Now we process the metadata file as well, dropping some columns that will not be used in this demonstration, while also keeping only the products that exists in our 5-core sample.

These are the attributes we keep from the product metadata
* asin: ID of the product
* categories: list of categories the product belongs to
* title: name of the product
* description: description of the product 
* related: related products (also bought, also viewed, bought together, buy after viewing)
    * also bought: other products that customers bought after purchasing a given product

In [9]:
if not os.path.exists('dataset/metadata_sample.csv'):

    total_sampled_rows = 0
    nrows_og_file = 9430088

    data = list()
    with open('dataset/metadata.json', 'r') as f:
        for line in tqdm(f, total=nrows_og_file):
            line = ast.literal_eval(line)
            [line.pop(key, None) for key in ['imUrl', 'price', 'salesRank', 'brand']]
            data.append(line)
            if len(data) == CHUNK_SIZE:
                chunk = pd.DataFrame.from_dict(data, orient='columns')
                chunk = chunk[chunk['asin'].isin(kcore_5_compact_sample['asin'])]
                data = list()
                chunk = chunk[['asin', 'categories', 'title', 'description', 'related']] 
                total_sampled_rows += len(chunk)
                chunk.to_csv('dataset/metadata_sample.csv', mode='a', header=False, index=False, quotechar='"')

    print(f'Size of the full meta dataset: {total_sampled_rows}')

In [10]:
meta = pd.read_csv('dataset/metadata_sample.csv', names=['asin', 'categories', 'title', 'description', 'related'], quotechar='"')
meta.head()

Unnamed: 0,asin,categories,title,description,related
0,0000589012,"[['Movies & TV', 'Movies']]",Why Don't They Just Quit?

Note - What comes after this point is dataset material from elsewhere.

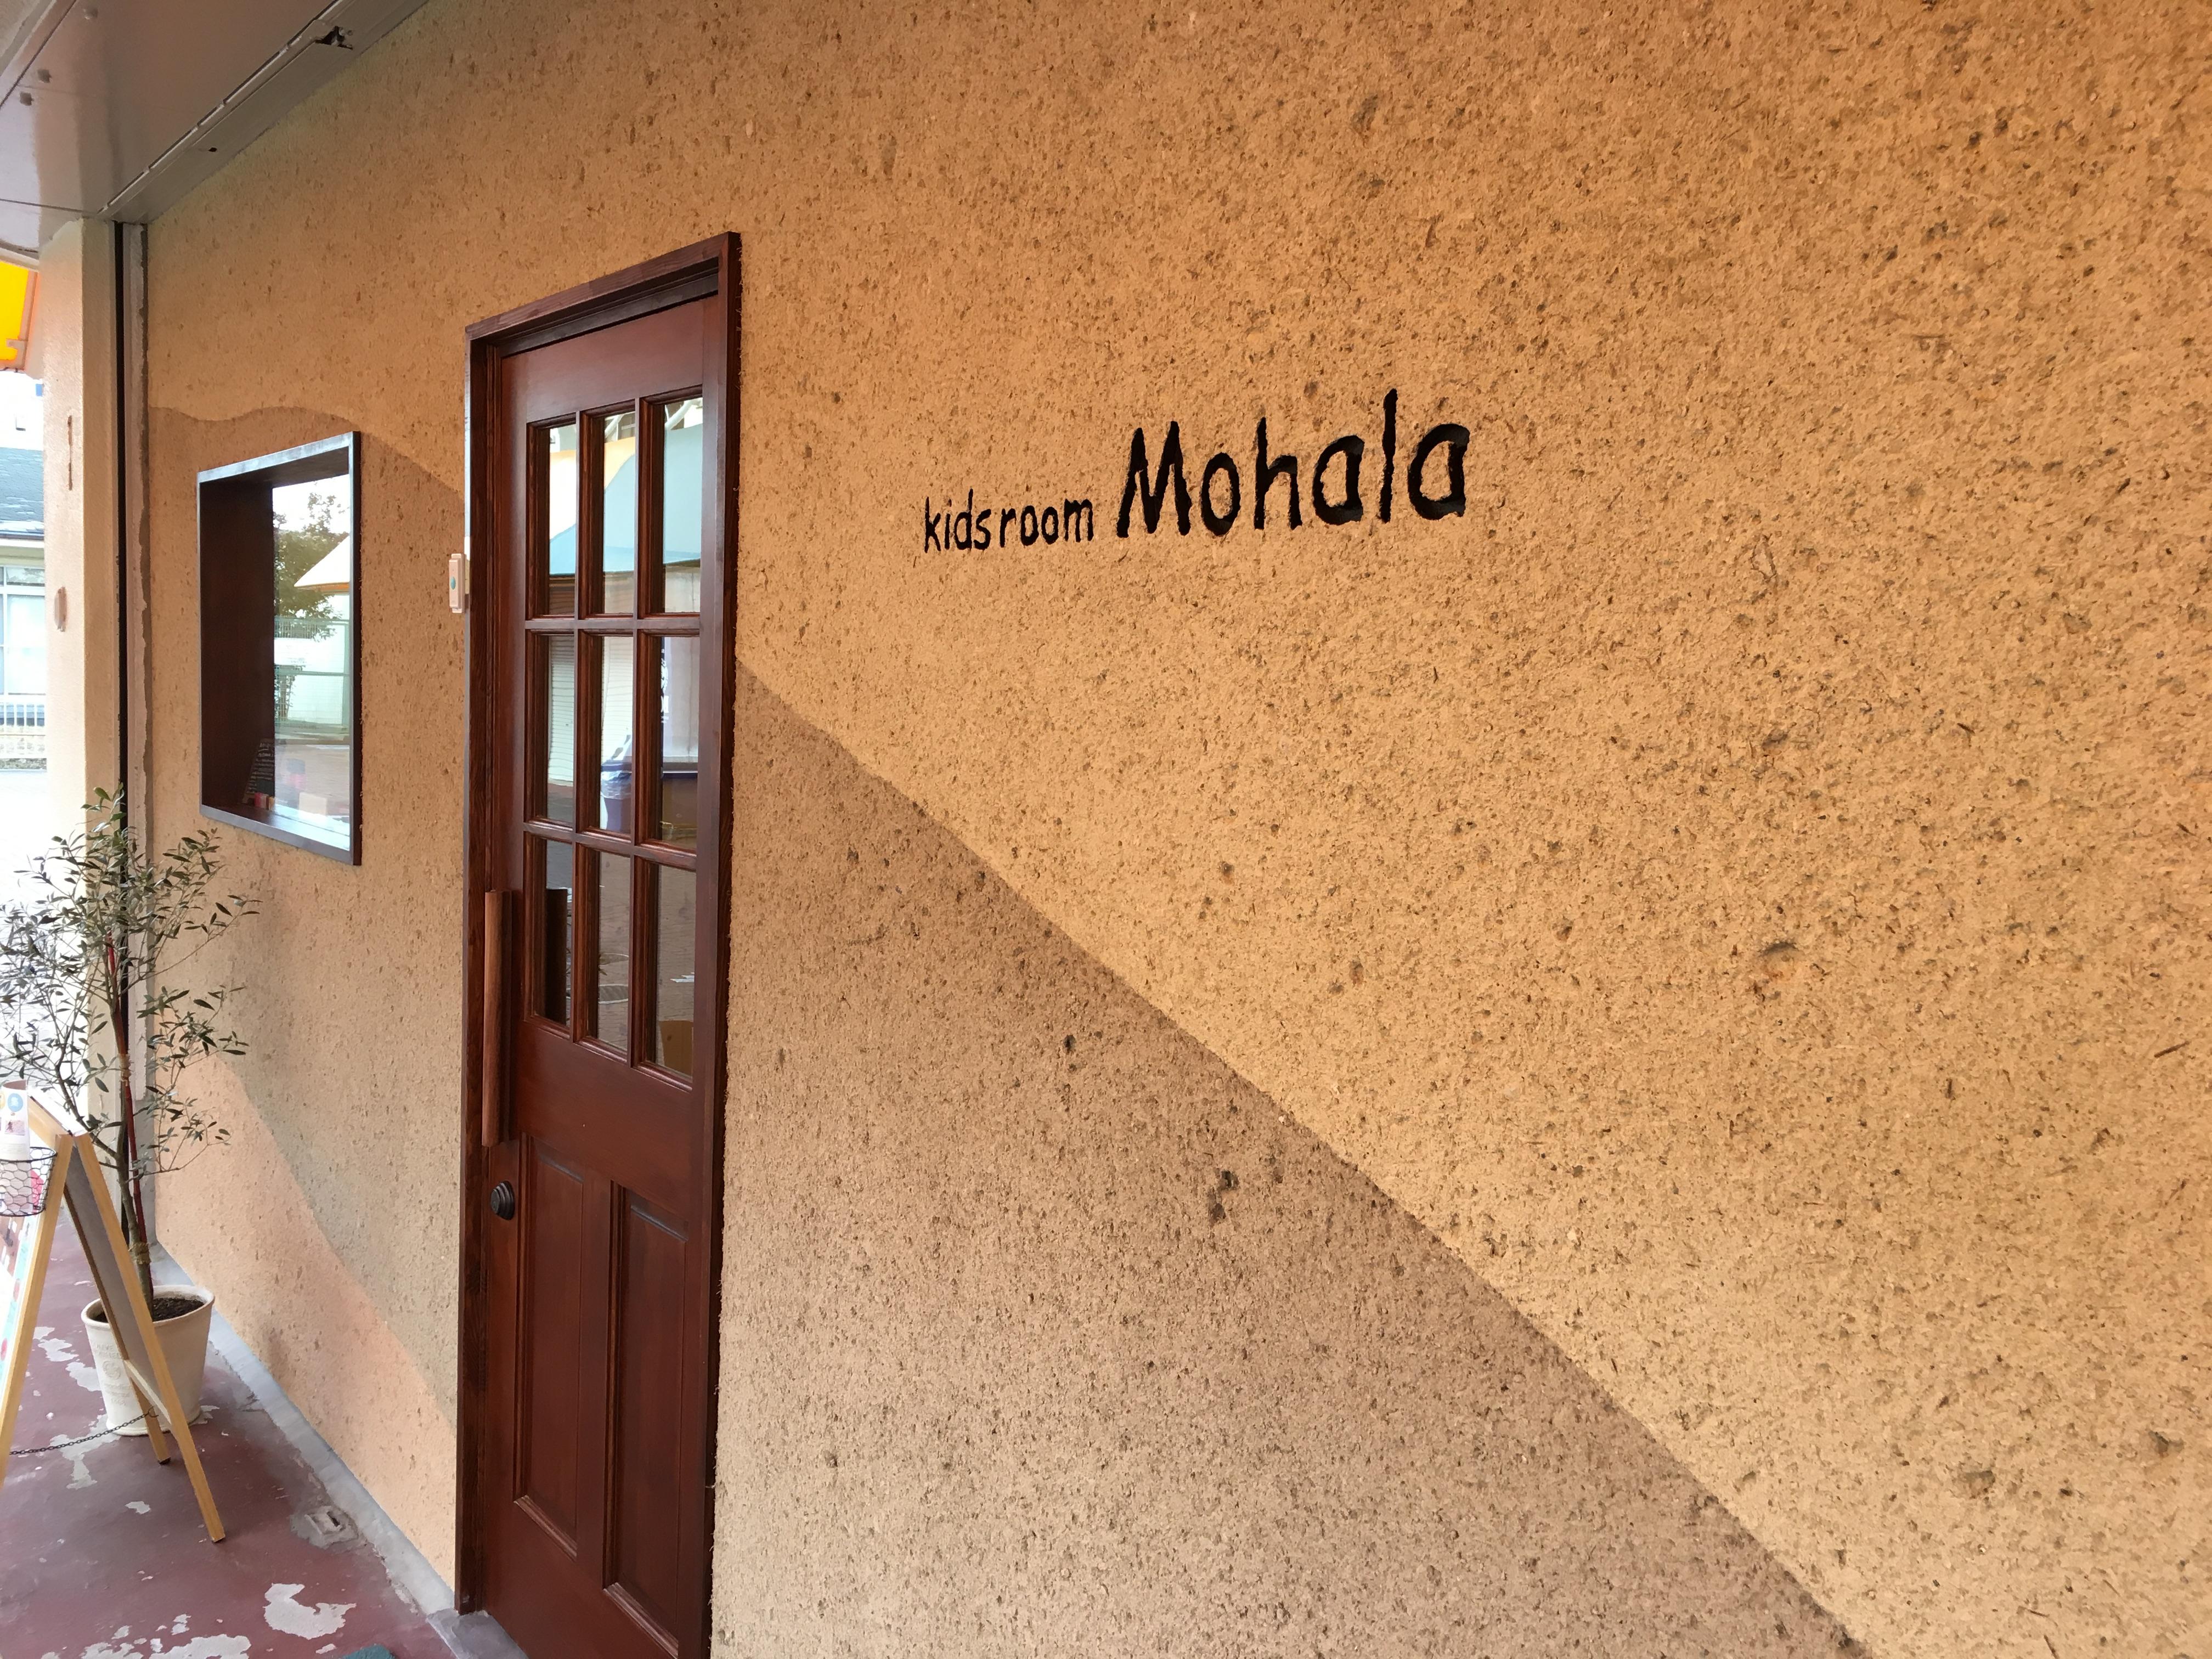 kidsroom Mohala オープン日

DVD Roundtable Discu...,,"{'also_bought': ['B000Z3N1HQ', '0578045427', '..."
1,000100039X,[['Books']],The Prophet,"In a distant, timeless place, a mysterious pro...","{'also_bought': ['1851686274', '0785830618', '..."
2,0002051850,[['Books']],For Whom the Bell Tolls,,"{'also_bought': ['0684801469', '0743297334', '..."
3,0002007770,[['Books']],Water For Elephants,,"{'also_bought': ['0399155341', '1573222453', '..."
4,0002247399,[['Books']],A Dance with Dragons,,"{'also_bought': ['0553801503', '0553106635', '..."


We also remove entries that contains no category or title, since these text-based attributes are used in the Content Based Recommender System we will build.

In [11]:
meta = meta.dropna(axis=0, subset=('categories', 'title'))
meta.to_csv('dataset/metadata_sample.csv', header=False, index=False, quotechar='"')
meta.shape

(87849, 5)

In [12]:
kcore_5_compact_sample.shape

(135470, 3)

We now check whether we still have a considerable amount of users that rated at least 5 times and items that got at least 5 ratings.

In [13]:
user_count = kcore_5_compact_sample.groupby('reviewerID').size().to_frame('count').sort_values(by='count') 
user_count[user_count['count'] > 4]

Unnamed: 0_level_0,count
reviewerID,Unnamed: 1_level_1
A01338202O0PRUBIBEPNF,5
A2NW337W0ZCZHT,5
A2NWRZHM0E9O03,5
A2NY95RRTI3Z6W,5
A2NYK433VLN57H,5
...,...
A2Y3ZGVRA3S23L,368
A3P3UOHYBFRGJN,447
A1X2LENOF84LCQ,568
A34CSXOGVYF94S,669


In [14]:
user_count

Unnamed: 0_level_0,count
reviewerID,Unnamed: 1_level_1
A01338202O0PRUBIBEPNF,5
A2NW337W0ZCZHT,5
A2NWRZHM0E9O03,5
A2NY95RRTI3Z6W,5
A2NYK433VLN57H,5
...,...
A2Y3ZGVRA3S23L,368
A3P3UOHYBFRGJN,447
A1X2LENOF84LCQ,568
A34CSXOGVYF94S,669


In [15]:
item_count = kcore_5_compact_sample.groupby('asin').size().to_frame('count').sort_values(by='count') 
item_count[item_count['count'] > 5]

Unnamed: 0_level_0,count
asin,Unnamed: 1_level_1
0007447868,6
0060573775,6
B0058UUR6E,6
B006HJKKCG,6
B00609B3J2,6
...,...
0439023483,36
030758836X,37
B0074BW614,41
B0051VVOB2,43


After completing the essential preprocessing steps on the data in this notebook, we can proceed to execute the other notebooks.